Pictures are to be left out, and only the lines below starting at the one with "Guía Icex del" and ending at the one with "Pomocný stolík z" are to be reproduced, each exactly, both ends included.

> _Study material_:
··········

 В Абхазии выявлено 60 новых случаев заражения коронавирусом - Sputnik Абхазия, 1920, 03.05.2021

··········

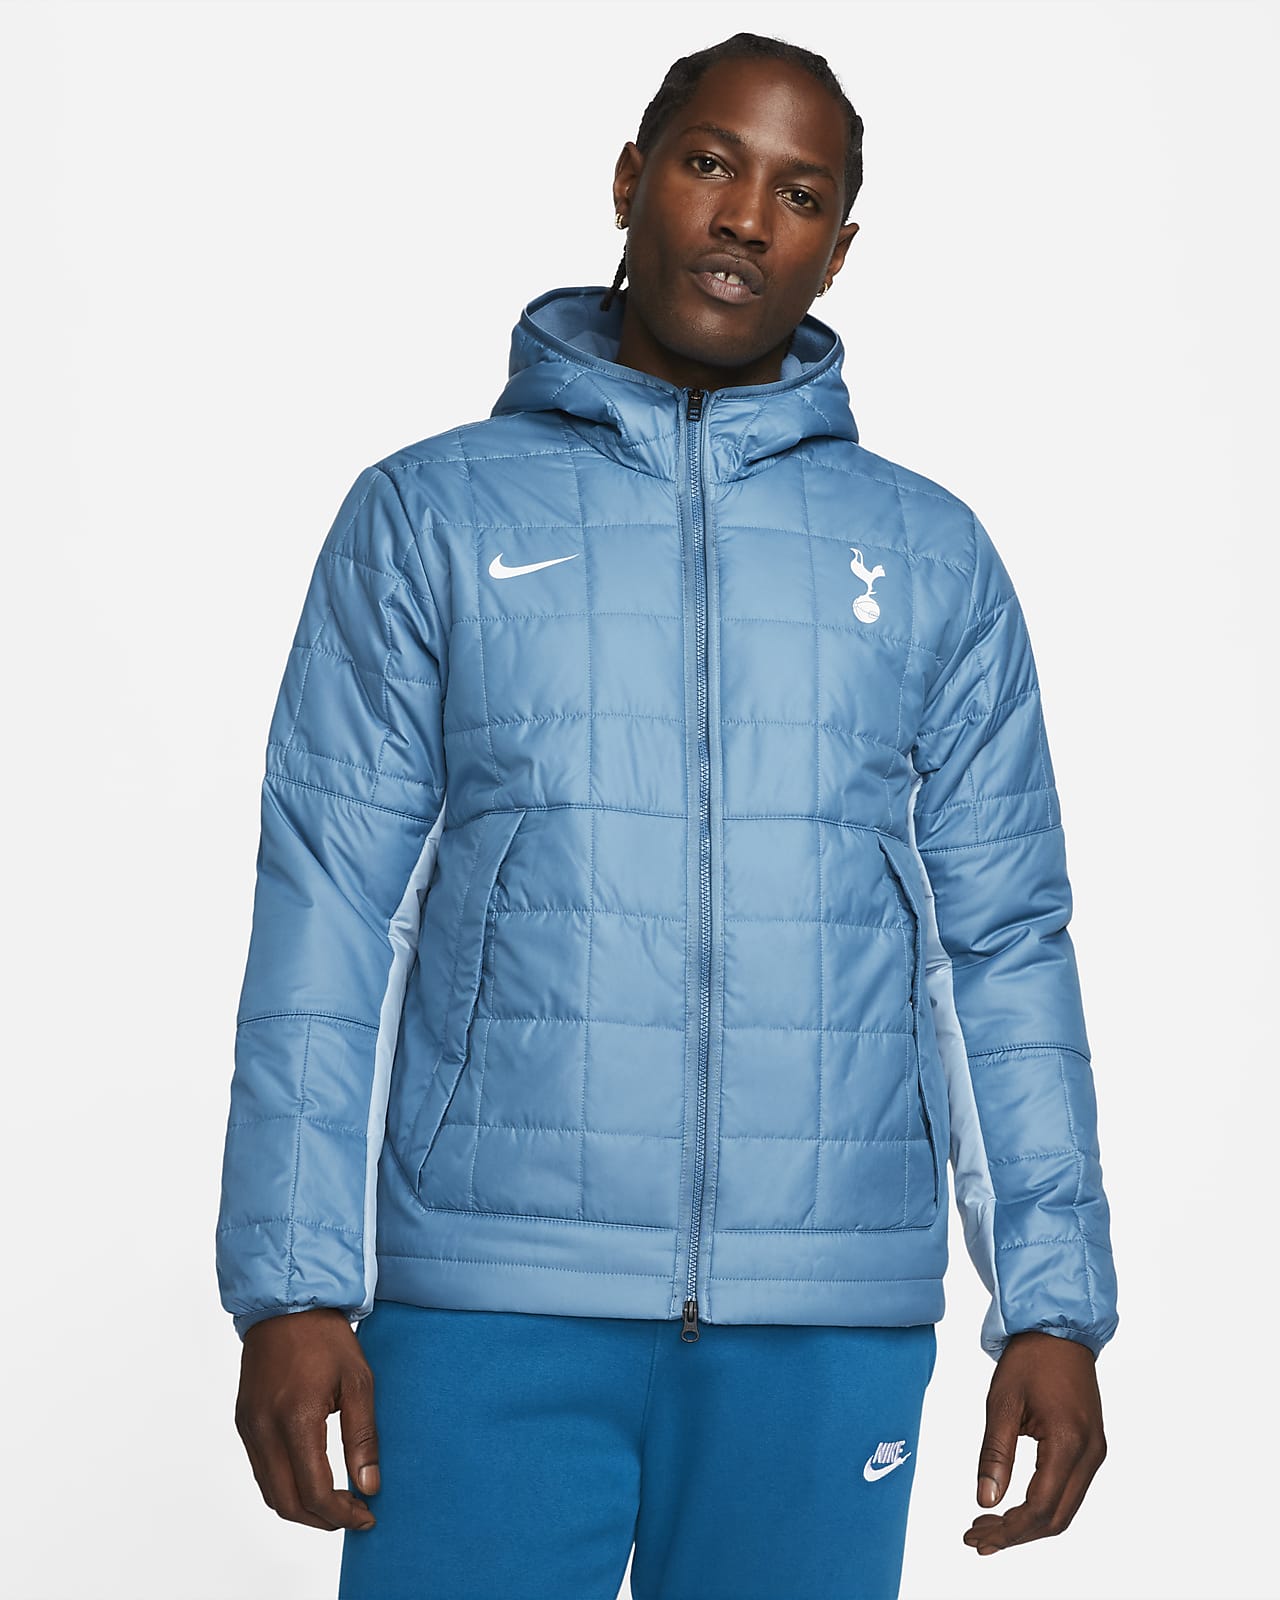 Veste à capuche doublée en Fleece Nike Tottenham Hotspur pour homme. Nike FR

··········

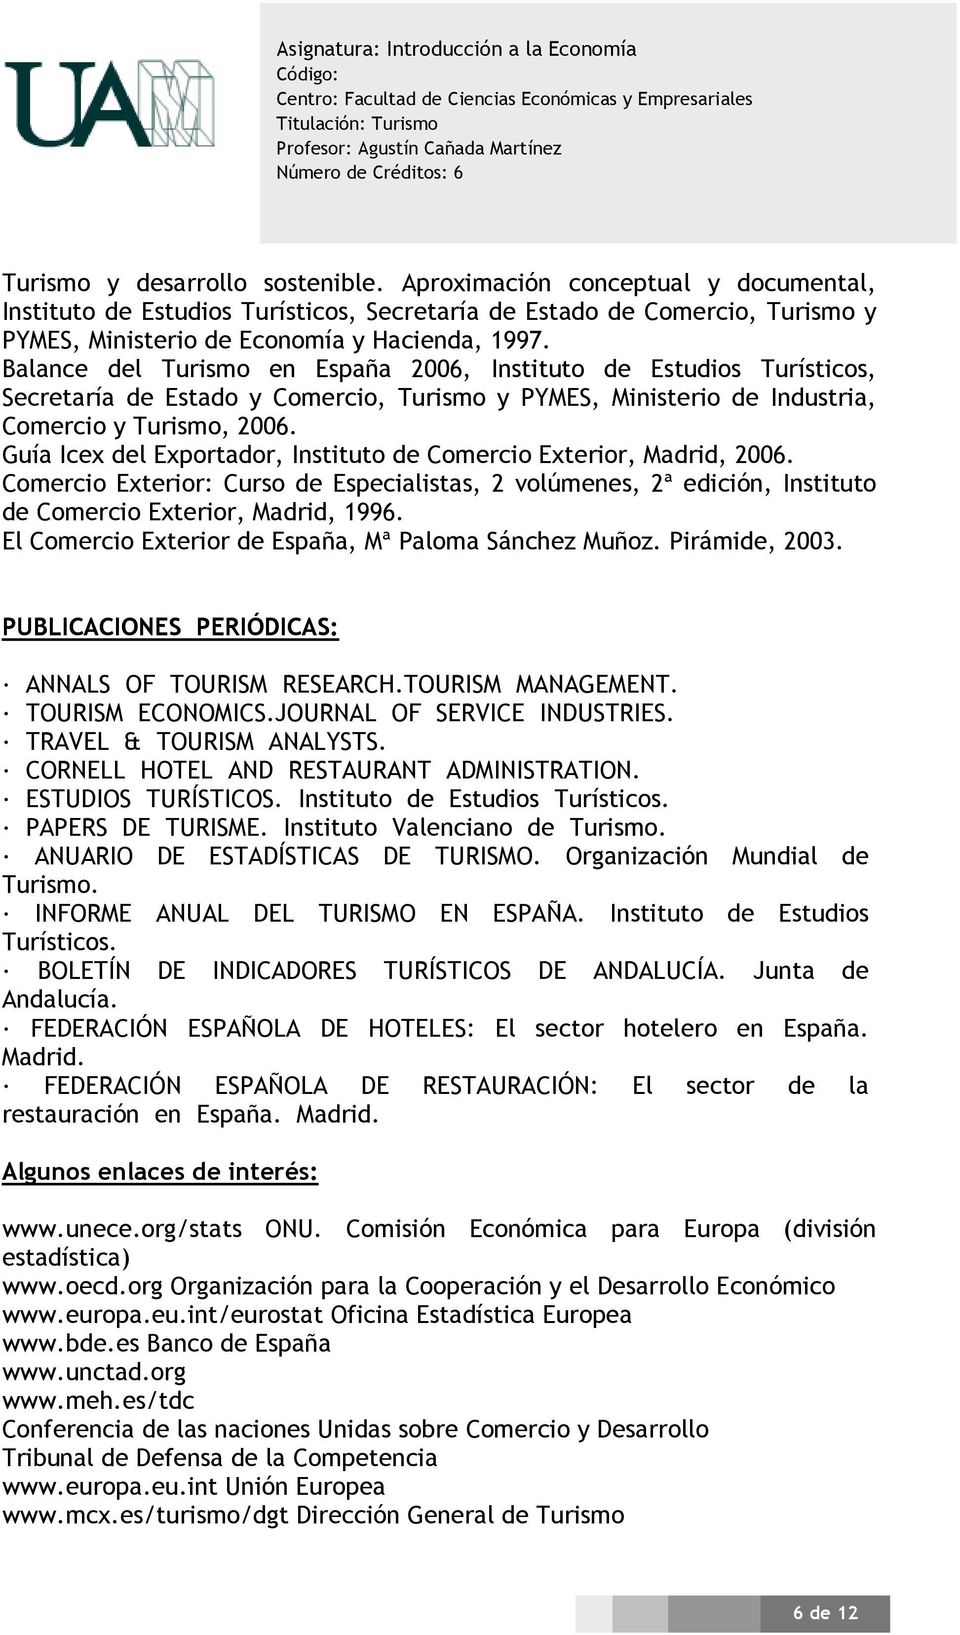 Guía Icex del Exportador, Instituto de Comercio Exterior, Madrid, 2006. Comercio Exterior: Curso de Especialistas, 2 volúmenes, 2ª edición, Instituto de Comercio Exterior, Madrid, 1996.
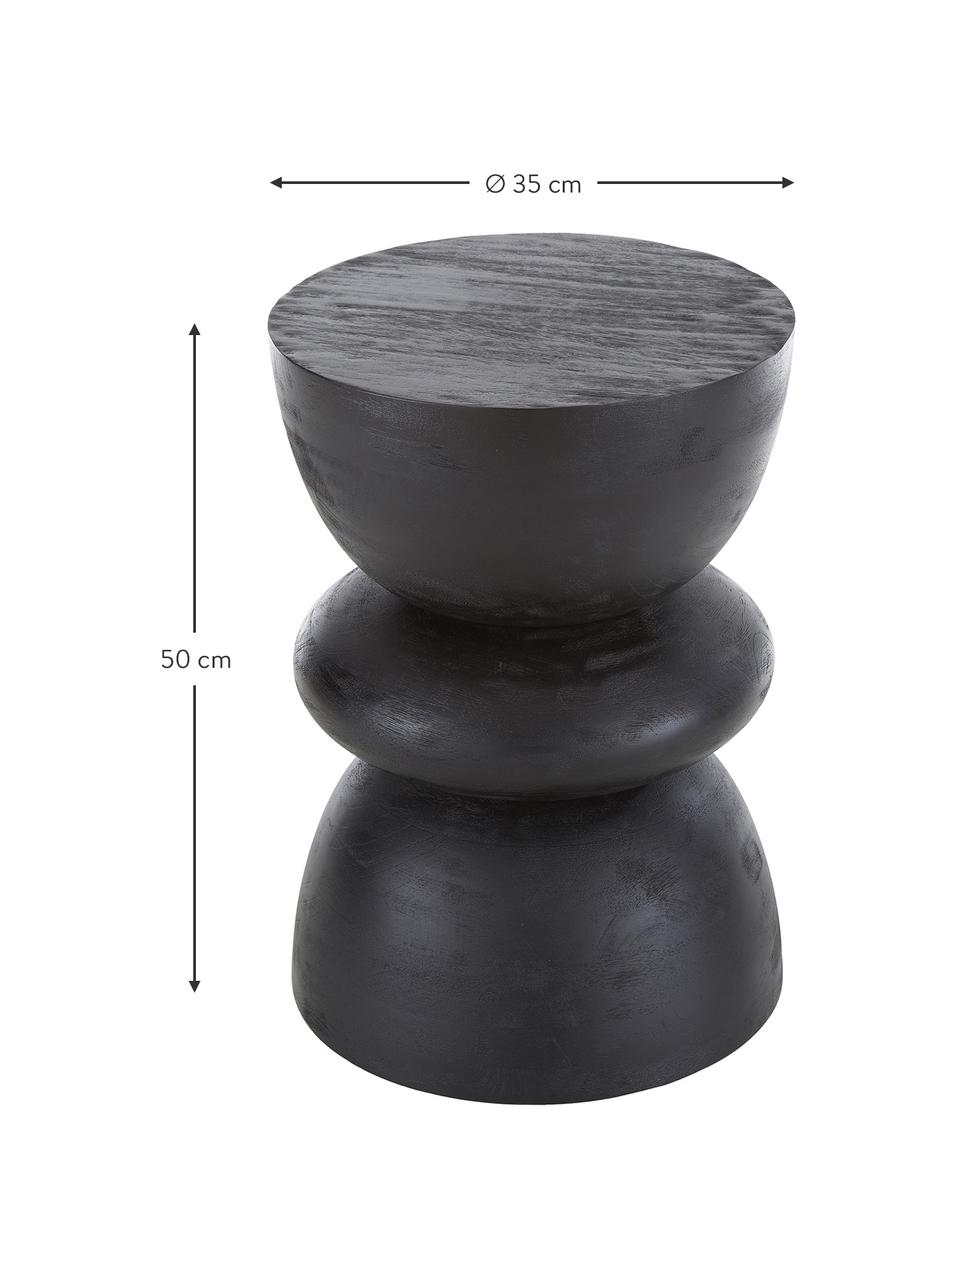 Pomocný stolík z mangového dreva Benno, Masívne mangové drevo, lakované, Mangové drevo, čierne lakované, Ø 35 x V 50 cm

··········

> _The completed task_:
 Guía Icex del Exportador, Instituto de Comercio Exterior, Madrid, 2006. Comercio Exterior: Curso de Especialistas, 2 volúmenes, 2ª edición, Instituto de Comercio Exterior, Madrid, 1996.
 Pomocný stolík z mangového dreva Benno, Masívne mangové drevo, lakované, Mangové drevo, čierne lakované, Ø 35 x V 50 cm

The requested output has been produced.